*** Opening Data under study ***
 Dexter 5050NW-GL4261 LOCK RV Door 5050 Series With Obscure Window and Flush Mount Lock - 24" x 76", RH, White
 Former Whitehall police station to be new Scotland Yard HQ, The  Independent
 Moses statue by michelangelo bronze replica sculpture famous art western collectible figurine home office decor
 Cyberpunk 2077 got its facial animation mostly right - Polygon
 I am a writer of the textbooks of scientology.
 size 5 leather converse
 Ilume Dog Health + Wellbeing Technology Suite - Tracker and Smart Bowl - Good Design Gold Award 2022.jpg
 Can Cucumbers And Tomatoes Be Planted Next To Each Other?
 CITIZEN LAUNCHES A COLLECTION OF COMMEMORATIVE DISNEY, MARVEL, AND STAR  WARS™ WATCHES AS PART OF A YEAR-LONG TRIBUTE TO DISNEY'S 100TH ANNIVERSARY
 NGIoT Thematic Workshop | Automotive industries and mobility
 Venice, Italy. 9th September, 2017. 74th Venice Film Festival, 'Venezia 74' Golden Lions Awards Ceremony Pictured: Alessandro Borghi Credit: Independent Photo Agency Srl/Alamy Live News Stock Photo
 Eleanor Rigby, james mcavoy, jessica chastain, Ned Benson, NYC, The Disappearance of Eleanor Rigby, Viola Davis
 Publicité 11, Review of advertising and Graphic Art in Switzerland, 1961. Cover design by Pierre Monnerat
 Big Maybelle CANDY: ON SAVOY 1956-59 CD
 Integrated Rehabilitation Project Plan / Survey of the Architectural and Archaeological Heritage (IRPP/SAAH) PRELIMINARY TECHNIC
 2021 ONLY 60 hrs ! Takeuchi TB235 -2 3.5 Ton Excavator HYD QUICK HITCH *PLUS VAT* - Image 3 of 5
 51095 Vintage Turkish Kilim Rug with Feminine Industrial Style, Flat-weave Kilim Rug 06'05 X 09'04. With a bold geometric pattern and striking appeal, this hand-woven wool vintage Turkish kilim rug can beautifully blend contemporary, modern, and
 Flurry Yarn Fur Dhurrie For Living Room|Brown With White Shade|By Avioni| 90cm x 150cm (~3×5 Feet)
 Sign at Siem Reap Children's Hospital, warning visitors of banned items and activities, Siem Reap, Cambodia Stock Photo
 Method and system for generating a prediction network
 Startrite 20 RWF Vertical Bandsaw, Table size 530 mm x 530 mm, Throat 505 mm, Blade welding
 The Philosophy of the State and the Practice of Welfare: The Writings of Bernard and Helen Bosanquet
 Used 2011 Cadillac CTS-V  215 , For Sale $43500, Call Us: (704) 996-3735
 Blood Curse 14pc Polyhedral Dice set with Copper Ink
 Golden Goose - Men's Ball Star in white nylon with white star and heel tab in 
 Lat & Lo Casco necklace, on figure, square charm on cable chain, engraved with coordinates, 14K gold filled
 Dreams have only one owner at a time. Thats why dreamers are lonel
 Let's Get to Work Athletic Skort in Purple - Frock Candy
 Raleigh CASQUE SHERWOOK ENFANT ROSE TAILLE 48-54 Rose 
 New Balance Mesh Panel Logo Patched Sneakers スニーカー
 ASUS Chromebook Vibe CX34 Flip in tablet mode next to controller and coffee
*** Closing Data under study ***
*Work instructions*:
Of all the entries above, output exactly the lines between the one holding "CITIZEN LAUNCHES A" and the one holding "Eleanor Rigby, james", inclusive.

*Answer area*:
 CITIZEN LAUNCHES A COLLECTION OF COMMEMORATIVE DISNEY, MARVEL, AND STAR  WARS™ WATCHES AS PART OF A YEAR-LONG TRIBUTE TO DISNEY'S 100TH ANNIVERSARY
 NGIoT Thematic Workshop | Automotive industries and mobility
 Venice, Italy. 9th September, 2017. 74th Venice Film Festival, 'Venezia 74' Golden Lions Awards Ceremony Pictured: Alessandro Borghi Credit: Independent Photo Agency Srl/Alamy Live News Stock Photo
 Eleanor Rigby, james mcavoy, jessica chastain, Ned Benson, NYC, The Disappearance of Eleanor Rigby, Viola Davis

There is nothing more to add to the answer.